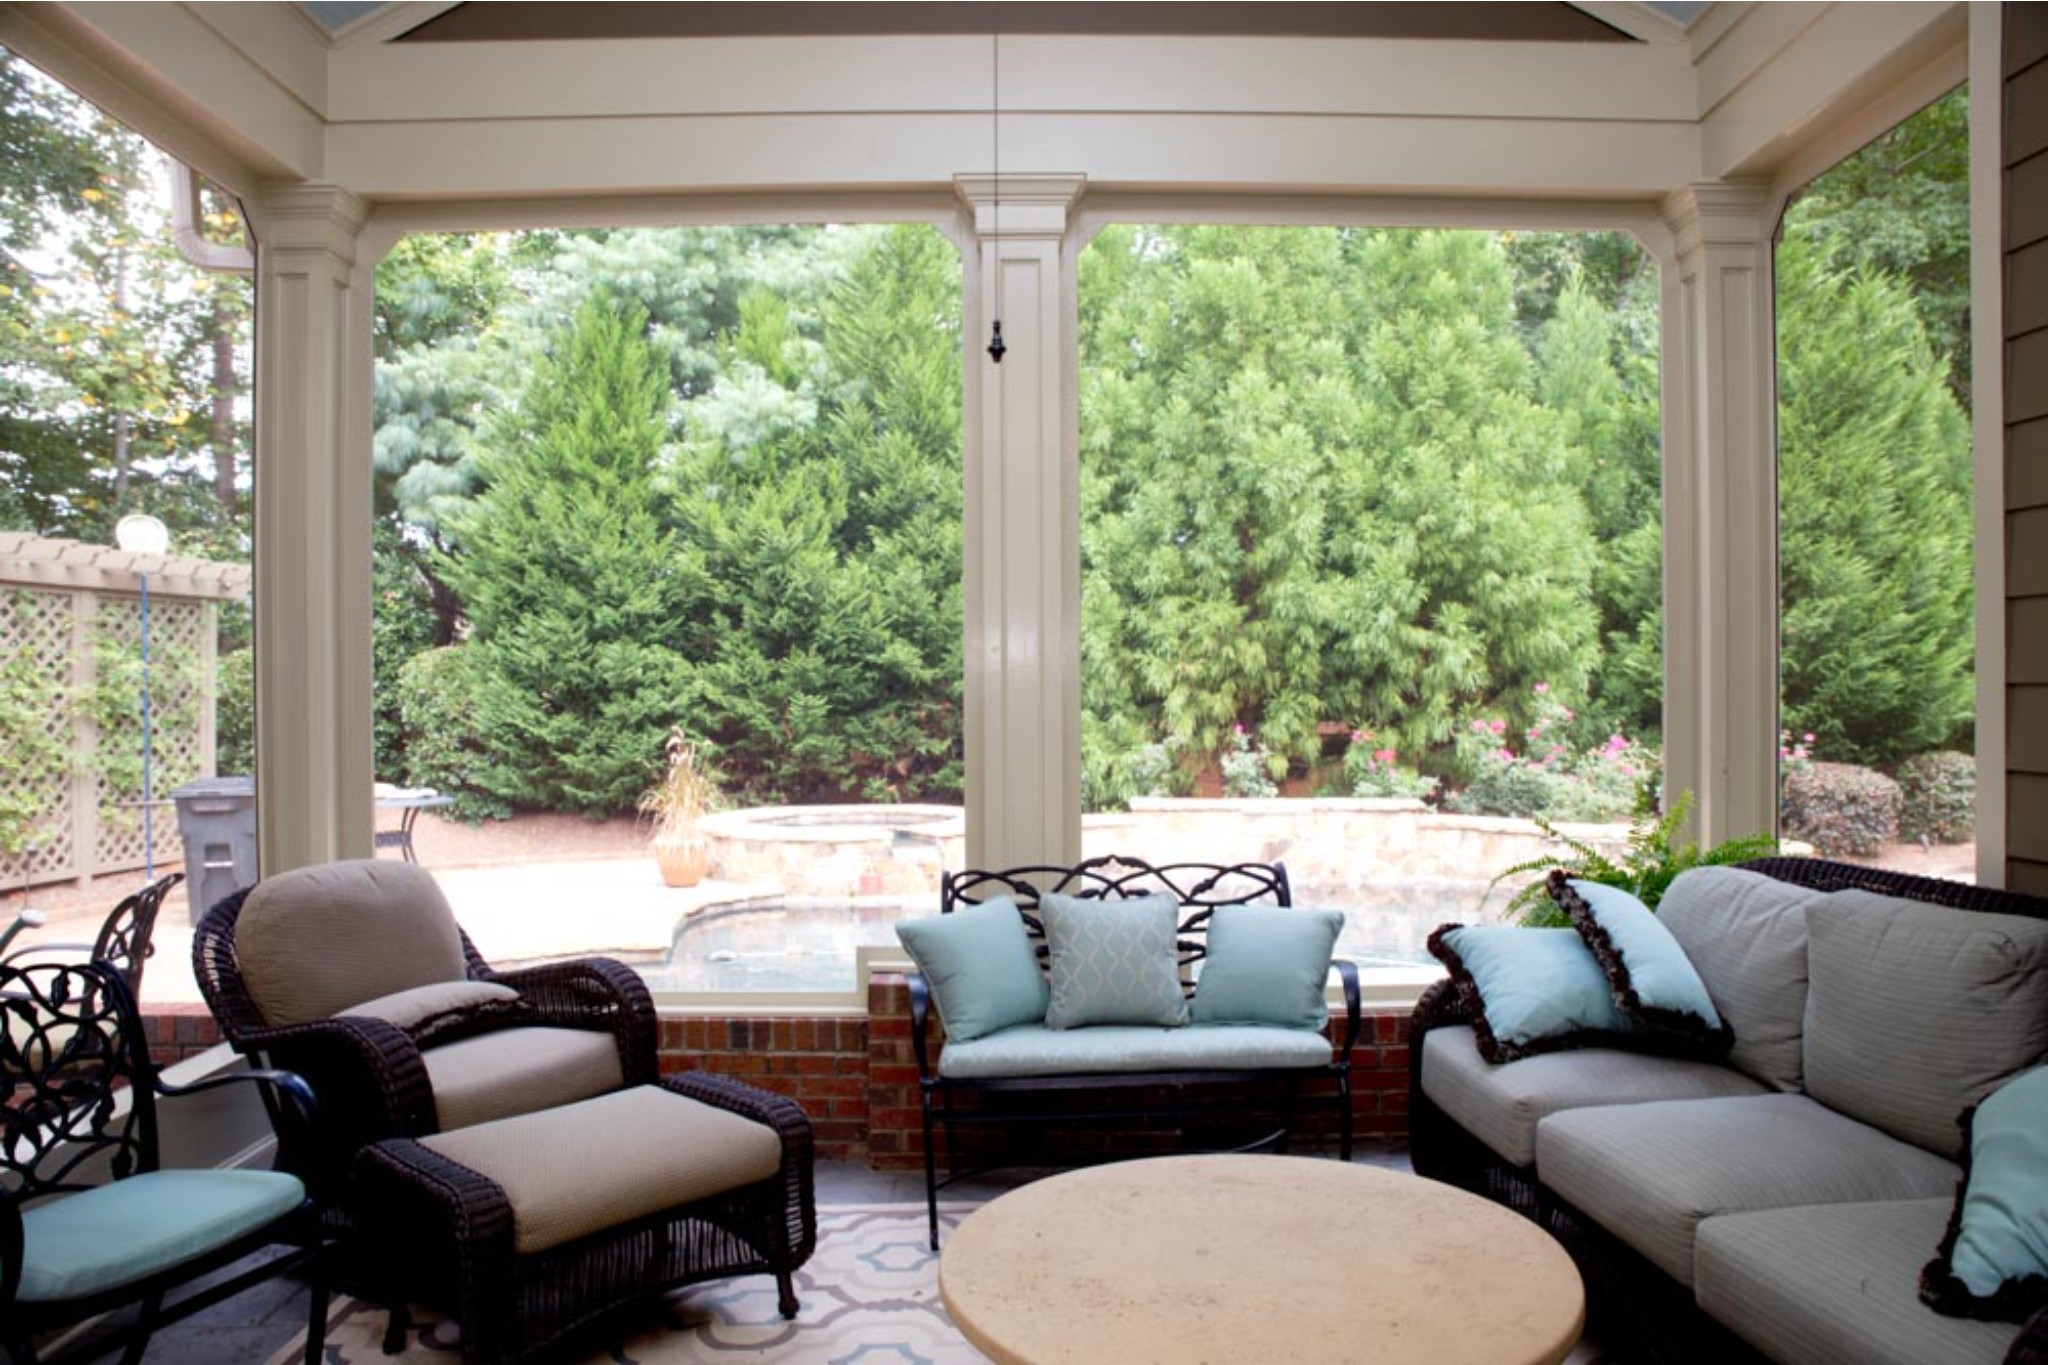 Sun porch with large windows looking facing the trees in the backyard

==

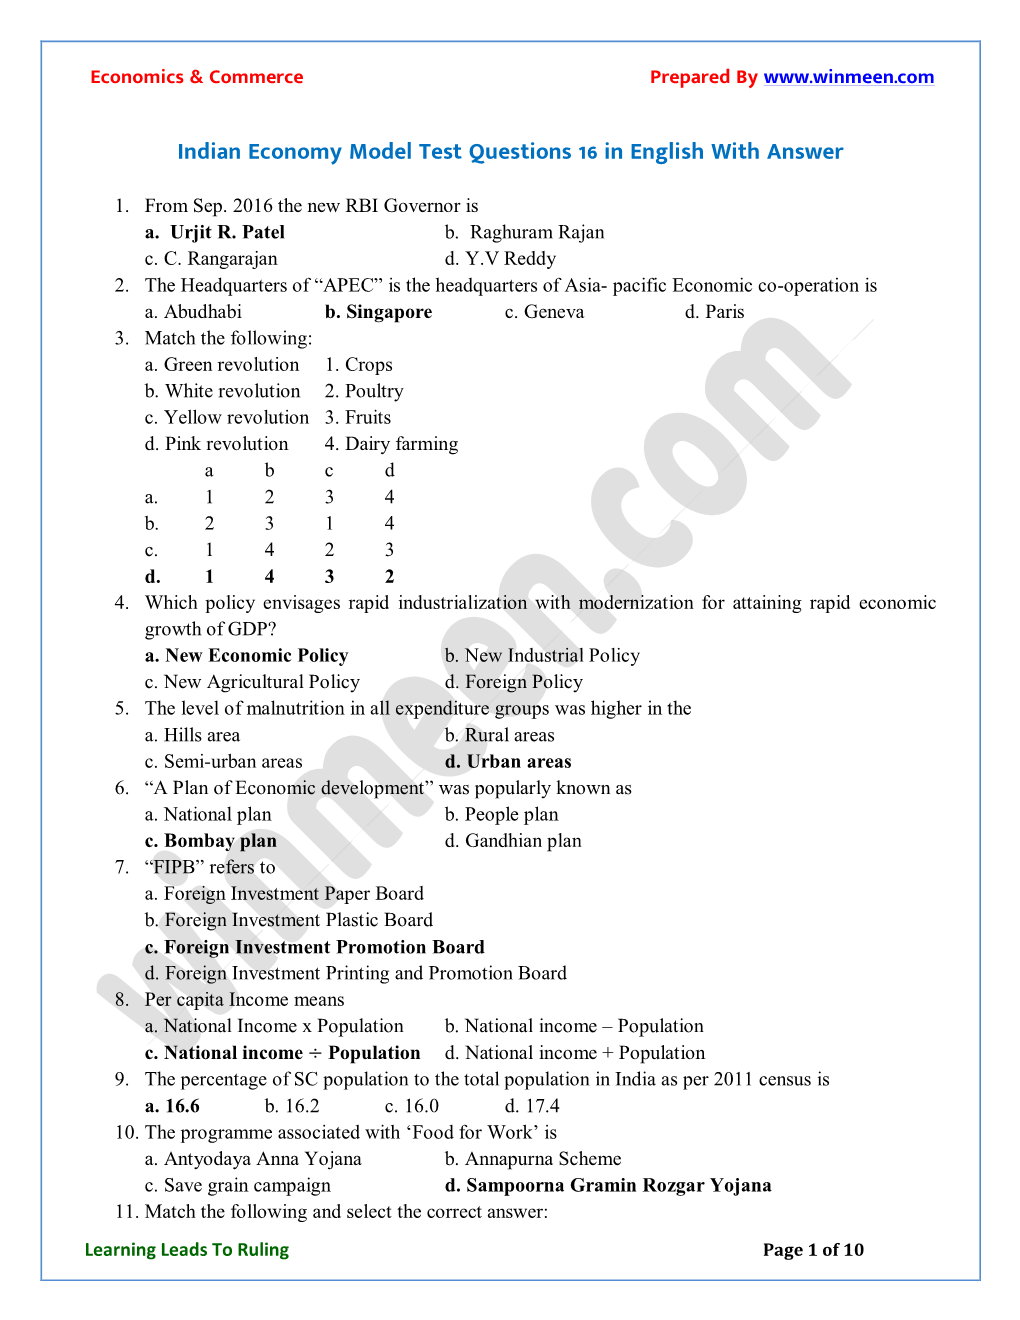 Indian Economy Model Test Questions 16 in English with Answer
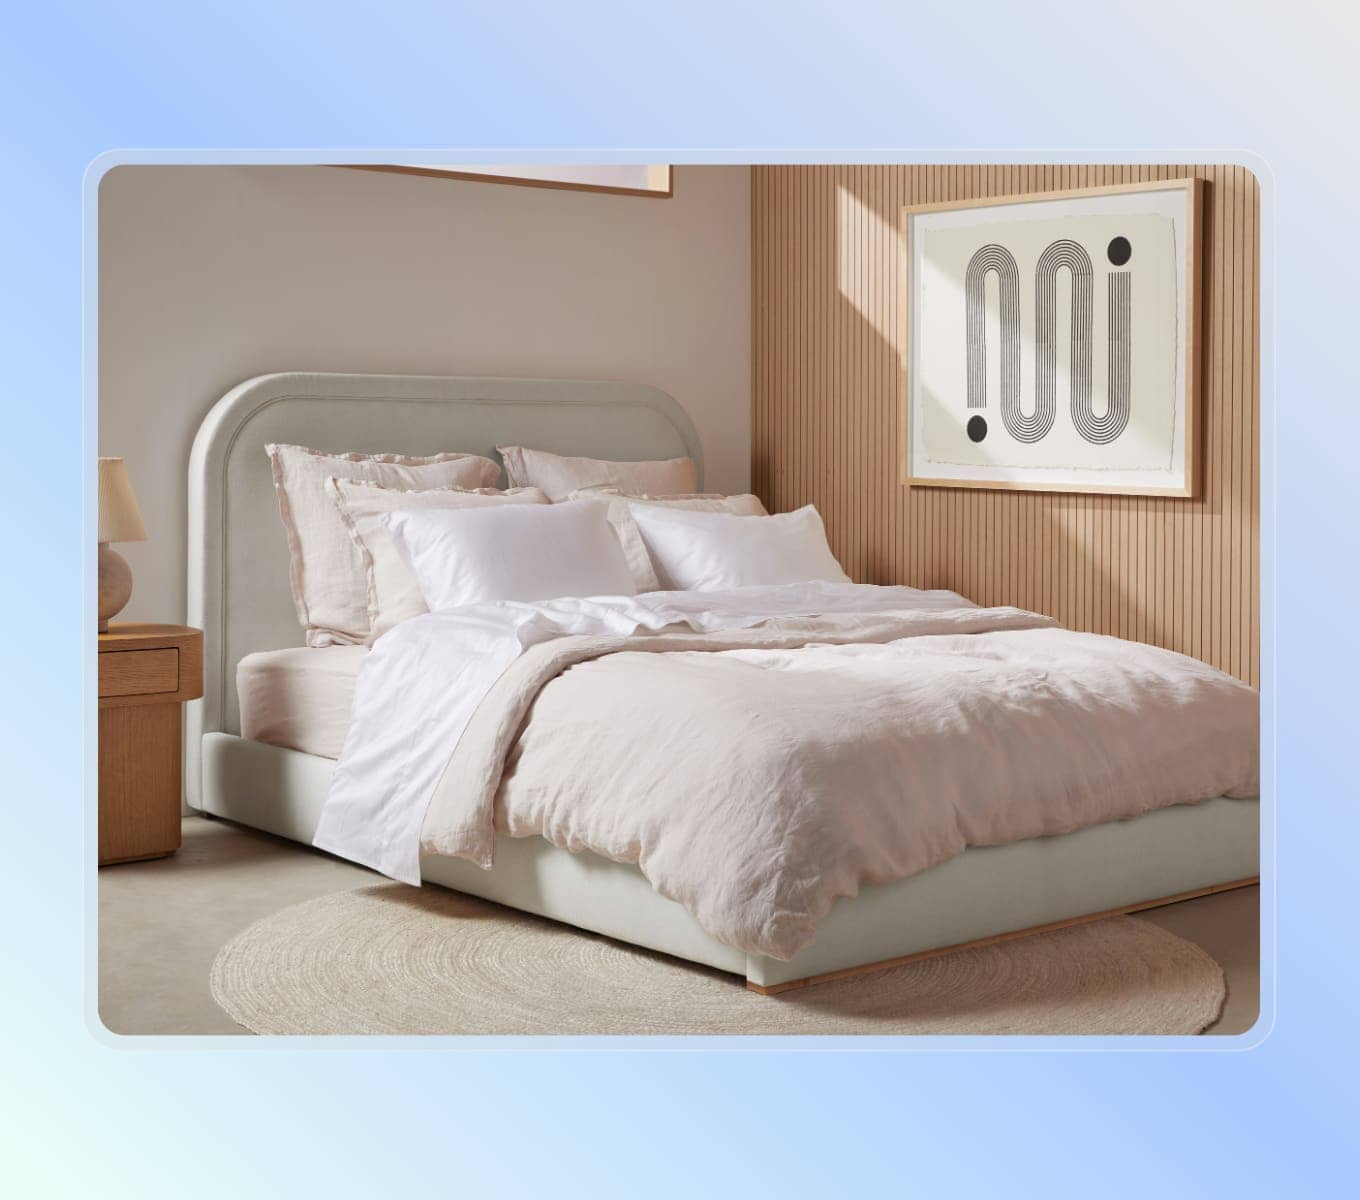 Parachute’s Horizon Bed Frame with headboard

» **Requirement**
Using the records above, return verbatim only the part that opens with the line containing "Indian Economy Model" and closes with the line containing "Parachute’s Horizon Bed Frame with headboard"; pictures stay out.

» **Result for this exercise**
 Indian Economy Model Test Questions 16 in English with Answer
 Parachute’s Horizon Bed Frame with headboard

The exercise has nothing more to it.